Year Released: 2011
MPAA Rating: Unrated
Running Time: 95 minutes
Click to Expand Credits:
As much as I like the idea of hybrid cars – I don’t own one yet, but in the words of Denis Leary, “When I get some money…” – they avoid one problem for another: 50% of electricity in the US comes from coal. The “environmentally conscious” chunk of a hybrid’s power comes from the stuff that, ages ago, heated homes and ran locomotives. To get much of today’s electricity, companies strip down mountains for coal, ship it to a processor, then burn it so the fumes can turn a generator. And we thought the internal combustion gas engine has low efficiency. (For the record: a gas engine is about 40% efficient).
In an attention-getting move, the new documentary “The Last Mountain” stresses the “50% coal” fact in an onscreen title before showing a series of mountains being blown up for their resources. Effectively, the opening shows the undeniable facts that pro-coal citizens and agencies are avoiding. Director Bill Haney delivers a worthy expose on one the most pressing issues in America. We can’t call it novel, since it is very similar to David Novack’s equally worthy 2008 release, “Burning the Future: Coal in America.” (Some of the talking heads are even the same.) Though competition isn’t a factor in call-to-action cinema: the end credits reveal that Novack provided content for this production.

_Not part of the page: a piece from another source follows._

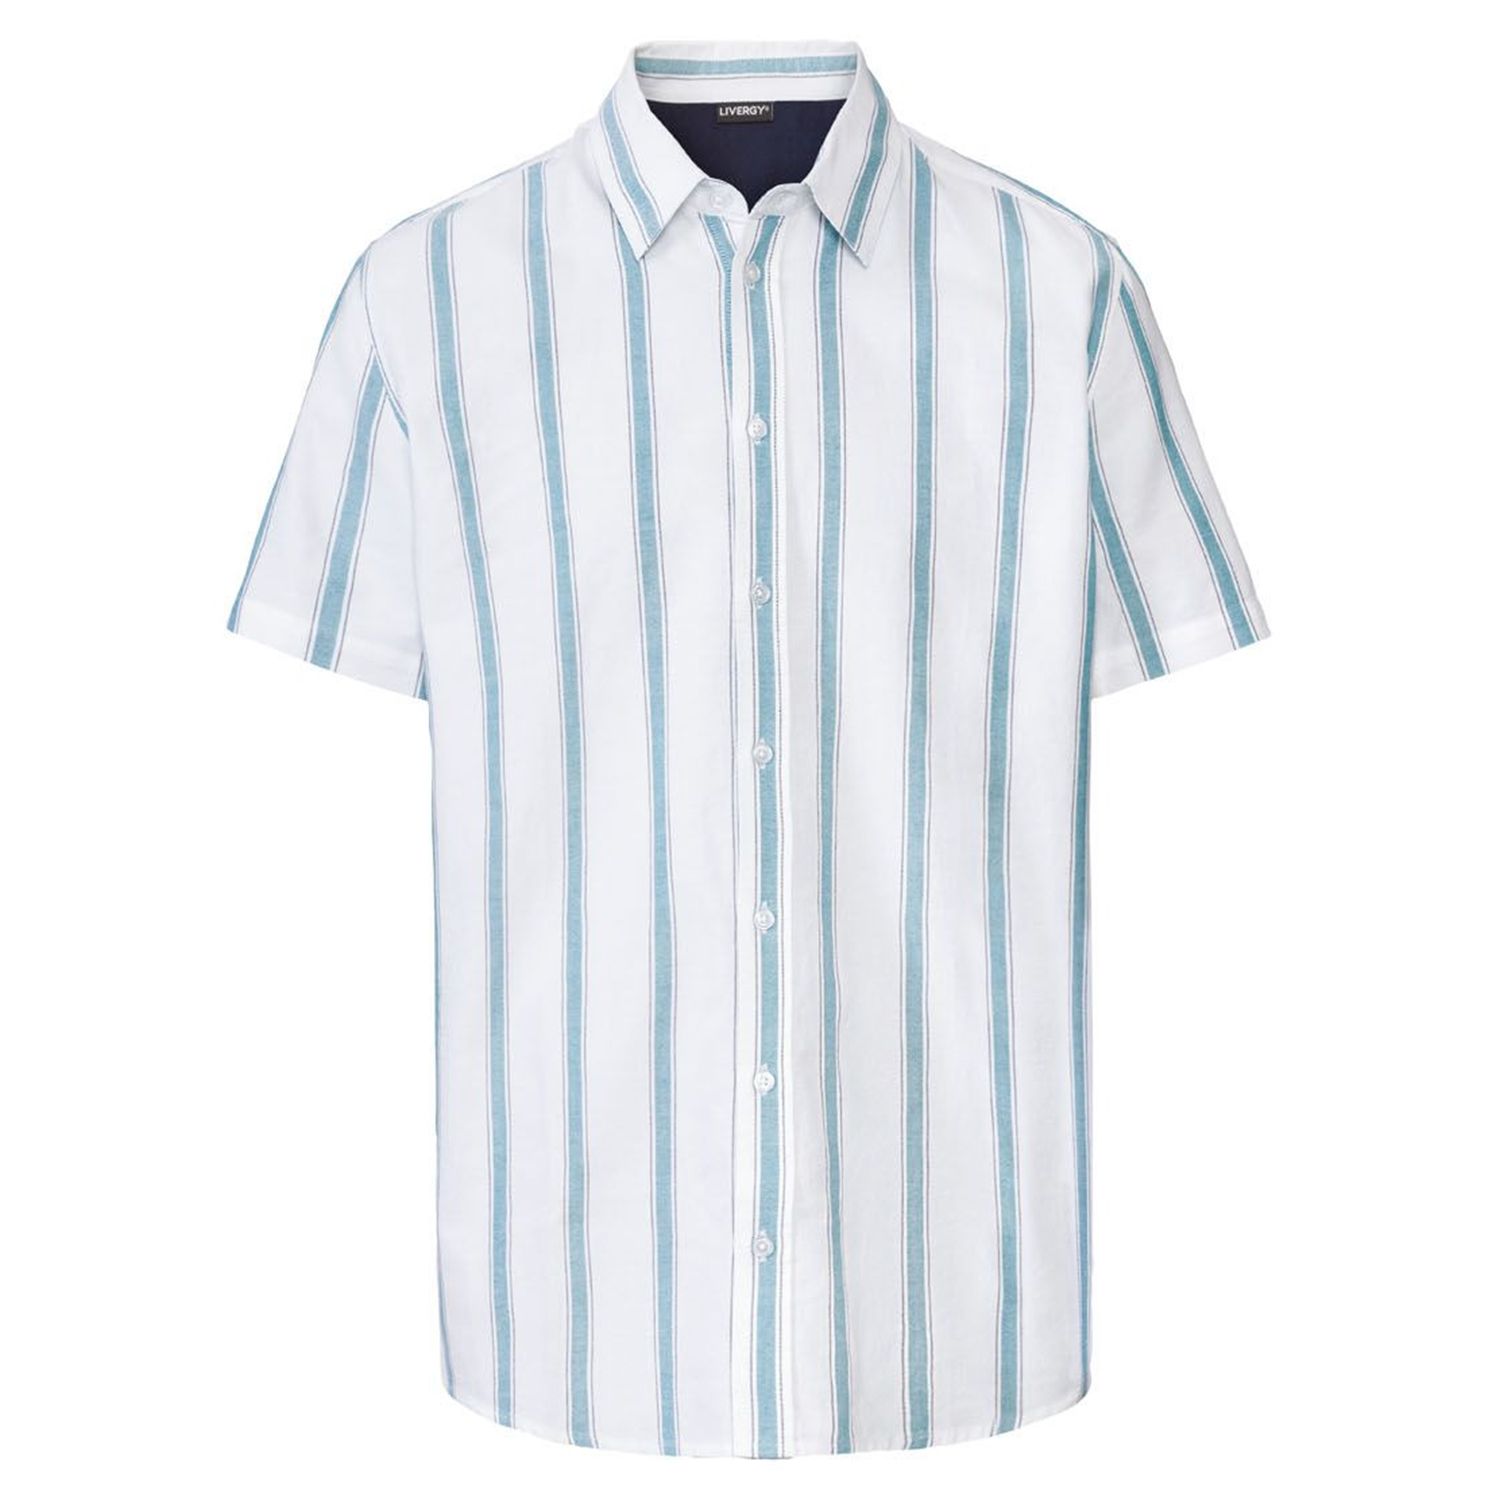 پیراهن آستین کوتاه مردانه لیورجی مدل راه راه کد Modern2022 رنگ سفید

And yet, “Mountain” has a major advantage over Novack’s film: Robert Kennedy Jr. The author of “Crimes Against Nature” and a life-long activist, Kennedy appears at various events (on his own dime) to promote the anti-coal cause in West Virginia, the specific focus of this film. Haney covers Kennedy extensively, knowing that he’s the star of the production and rightfully expands the attention beyond the locale and interest groups. Yet, the locals have a deep rooted passion to the cause. Kennedy meets with Maria Gunnoe, an award winner for her activism and a lifelong resident who works as a server in between countless protest events. Like other activists featured, Gunnoe has family who worked in coal, and their connections to the land urge their activism in different ways. Ed Wiley works to get his granddaughter’s school moved away from coal facility, which casts toxic dust into the air and leaks toxins from its waste swap.

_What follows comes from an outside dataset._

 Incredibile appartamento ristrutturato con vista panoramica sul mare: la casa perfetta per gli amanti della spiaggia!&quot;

The villain of the film is Massey Energy, whose representatives (former CEO and workers) and supporters Bill Raney, President of WVA Coal, and governor Joe Manchin return to the business-over-environment argument: they cannot risk job loss. Yet, as the film points out, mass production of coal (mountain blasting) has cut more jobs than traditional cave mining (though this form has its own problems). The film clarifies how profit and product can dominate health issues and justice. The pro-big-business Bush administration changed wording in legislation to weaken regulation of coal production, though Obama’s has been slow to remedy it. While protest seems strong, this depiction is equally enlightening and frustrating, as a resolution seems unlikely.
This film is a case where content trumps any criticisms about the style. Haney’s film relates information with clarity sans any special flourish. I appreciate the clarity, since embellishments could direct us away from the case at hand. In short, this film – and “Burning the Future,” for the record – must be seen by anyone not already in the know. And if you are already aware but less motivated, let this be a reminder of a crime that must be stopped.